The actual officer who made the discovery was able to conclude that the loans were taxable employment income. “The hypothetical officer would have been able to come to the same conclusion once they knew of the facts.”

They would have been aware, in a general way, of recent case law such as Dextra, which showed that this type of scheme existed “to ‘convert’ what would otherwise have been employment income and taxed as such, into loans that were taxed only as a benefit in kind”.

In the judge’s opinion, “contractor loan scheme arrangements are… very much down the shallow end of the pool of tax avoidance schemes, and in our view this was the case at the time of the closure of the enquiry windows.”

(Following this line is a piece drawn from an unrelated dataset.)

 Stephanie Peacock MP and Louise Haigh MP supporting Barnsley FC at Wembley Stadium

Yet while any officer would think it “unusual, we suspect, that a taxpayer would have been lent almost eight times his taxable salary by his employer, this is not sufficient to comprise adequate disclosure. It would not have made the hypothetical officer aware of the actual insufficiency”.

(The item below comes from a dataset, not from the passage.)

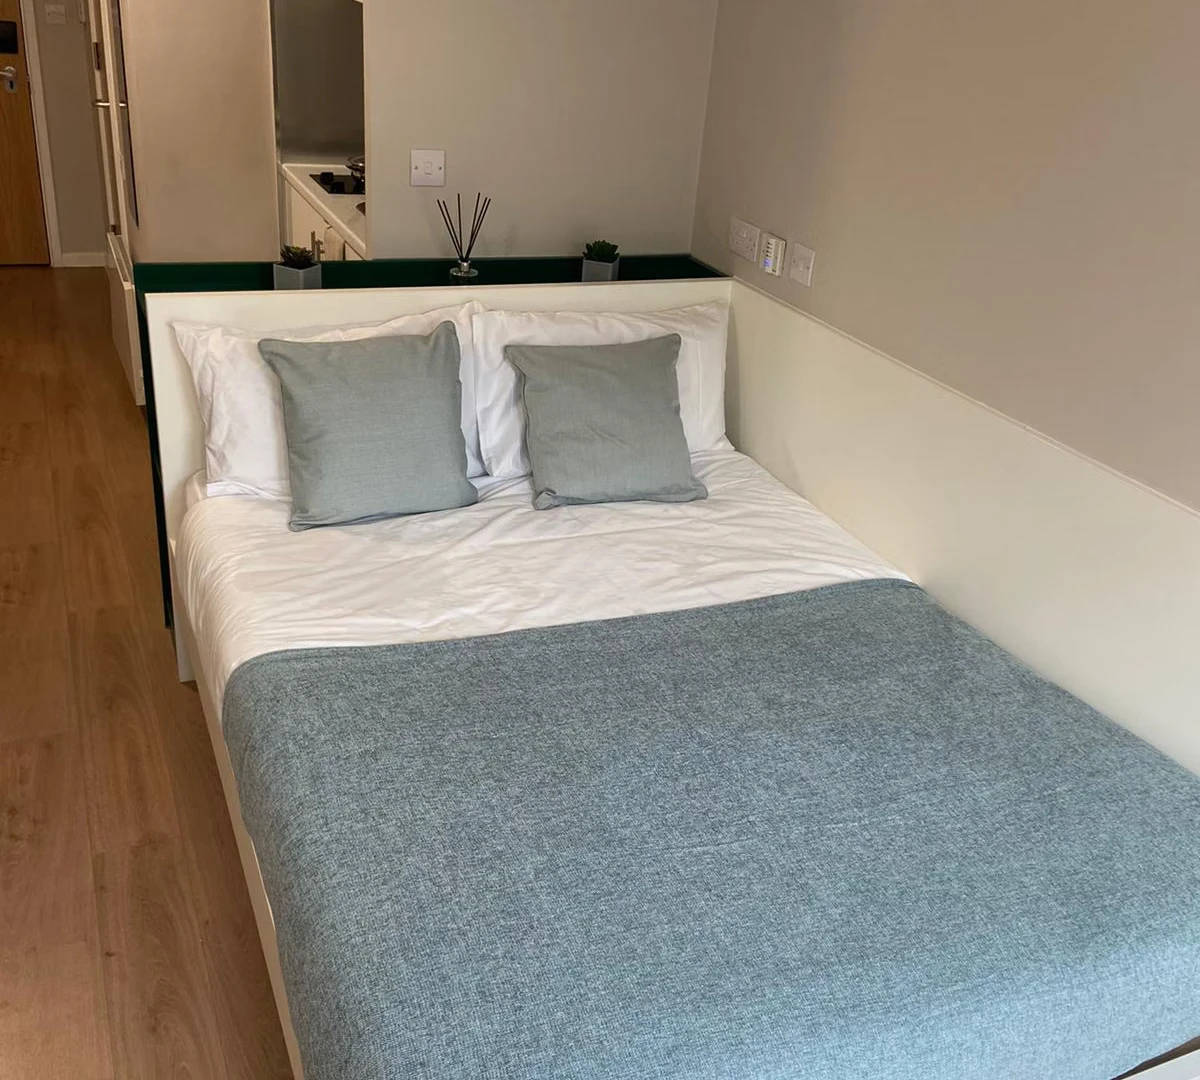 Room for rent in a shared flat in Bath

The return also included the DOTAS reference, which should prompt an officer to seek to find the purpose of the scheme that had been utilised. If they had, what would the hypothetical officer learn?

The scheme disclosures

The AAG1 form (disclosure by scheme promoters) was, said the judge, “a typically disingenuous disclosure”.

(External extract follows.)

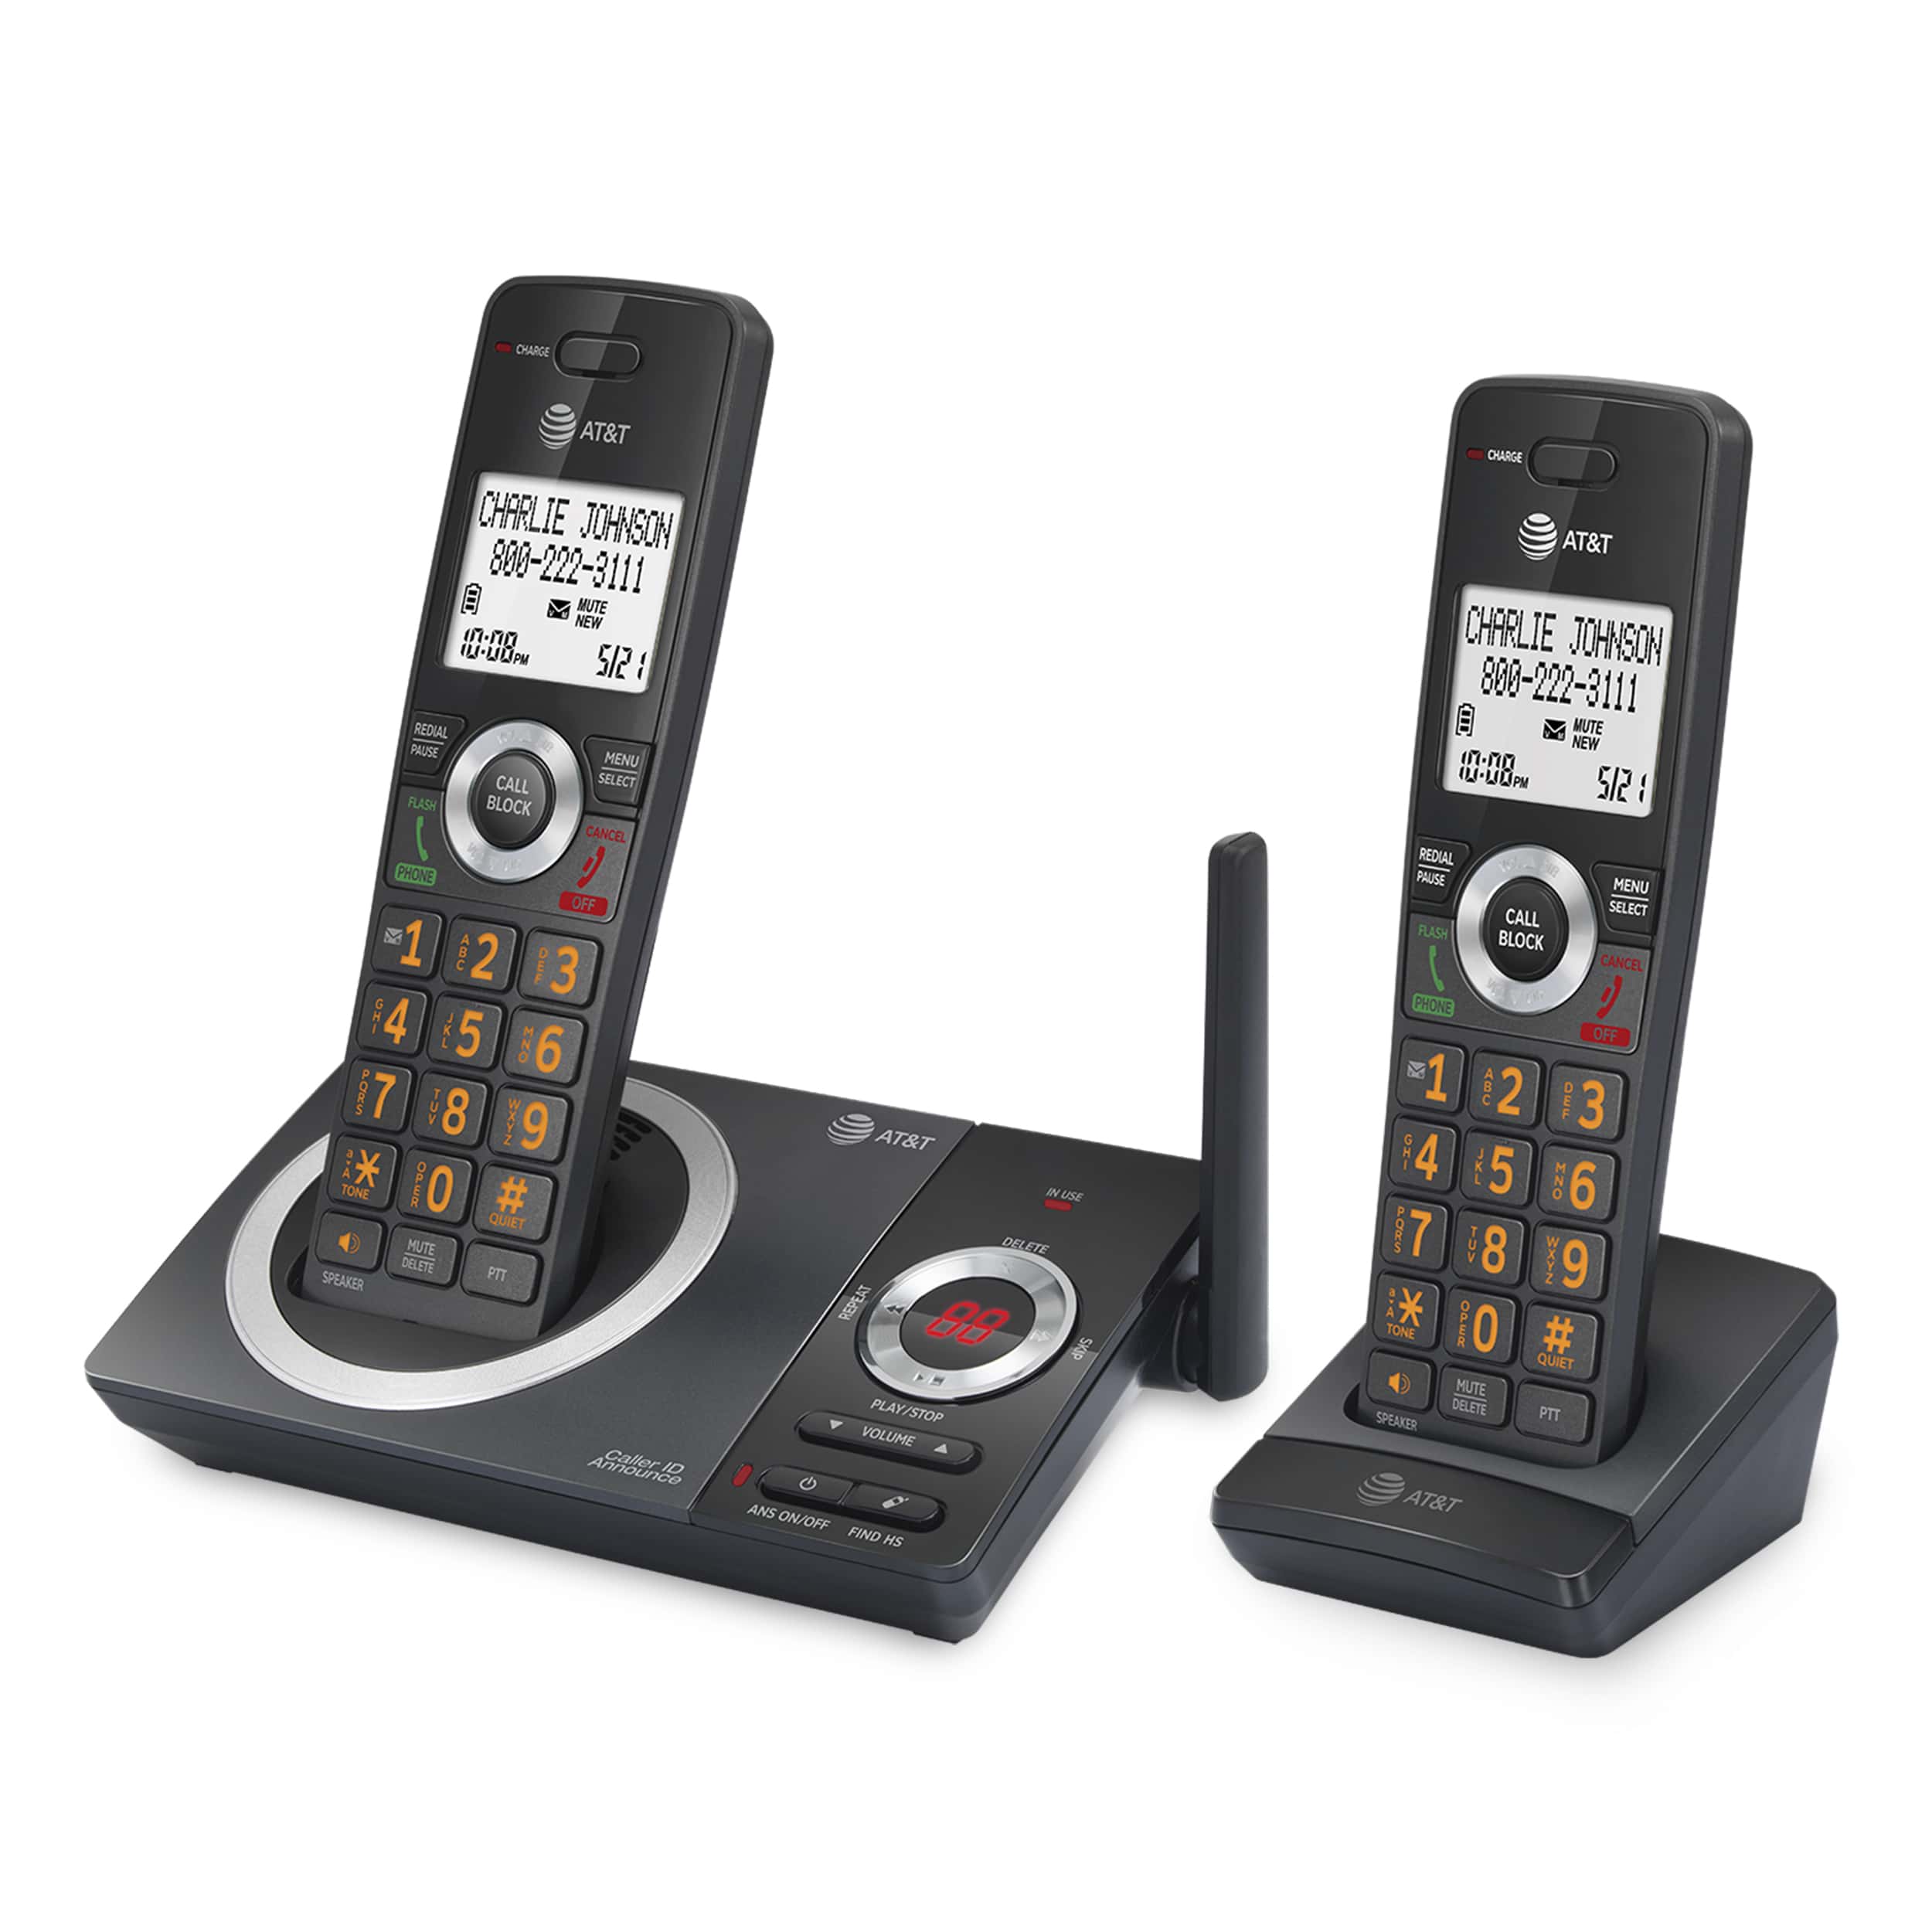 2-Handset Expandable Cordless Phone with Unsurpassed Range, Smart Call Blocker and Answering System - view 2

  • No mention is made of loans under the heading “summary”, which describes the aim of the scheme as enabling the sale of a life interest without incurring a charge to capital taxes.
  • The heading “statutory provisions” makes no mention of the Income Tax (Earnings and Pensions) Act 9 (ITEPA), once again giving the misleading impression that the scheme is all about avoiding capital taxes.
  • The only mention of loans is found in the explanation section and is buried between a reference to the taxability of the salary and a restating of the capital taxes planning around selling a life interest. There is no suggestion that the loans were a crucial and indispensable element of the planning.
  • “What would not have been apparent from these documents was that the loans were designed to compensate [Sheth] for the salary that he had foregone by accepting the lower salary set out in his tax return... [or] that the statutory provisions which were relevant to this re-categorisation were set out in ITEPA.” 
  • While “the level of disclosure required to alert the hypothetical officer to the actual insufficiency is a modest one, [Sheth] has not met it. The DOTAS disclosure is confusing, misleading, and as far as that contractor loan scheme is concerned, deficient of relevant factual and statutory information”.

A sufficient level of disclosure, per the example given by the case of Hicks, should include:

  • brief but comprehensive details of the individual to whom it applied
  • the “tax magic”
  • the statutory provision which is relevant
  • the result 
  • the tax benefit for the individual.

The first tier tribunal (FTT) found that Sheth’s disclosure had not been sufficient to alert the officer to the actual deficiency in tax, and dismissed his appeal.

Obfuscation not an adequate shield

Ever since the Langham vs Veltema case and HMRC’s subsequent SP1/2006, it has been clear that the level of disclosure required to protect against a discovery assessment is, in effect, a level of disclosure that will encourage HMRC to open an enquiry into the return. Obfuscation is no longer an adequate shield.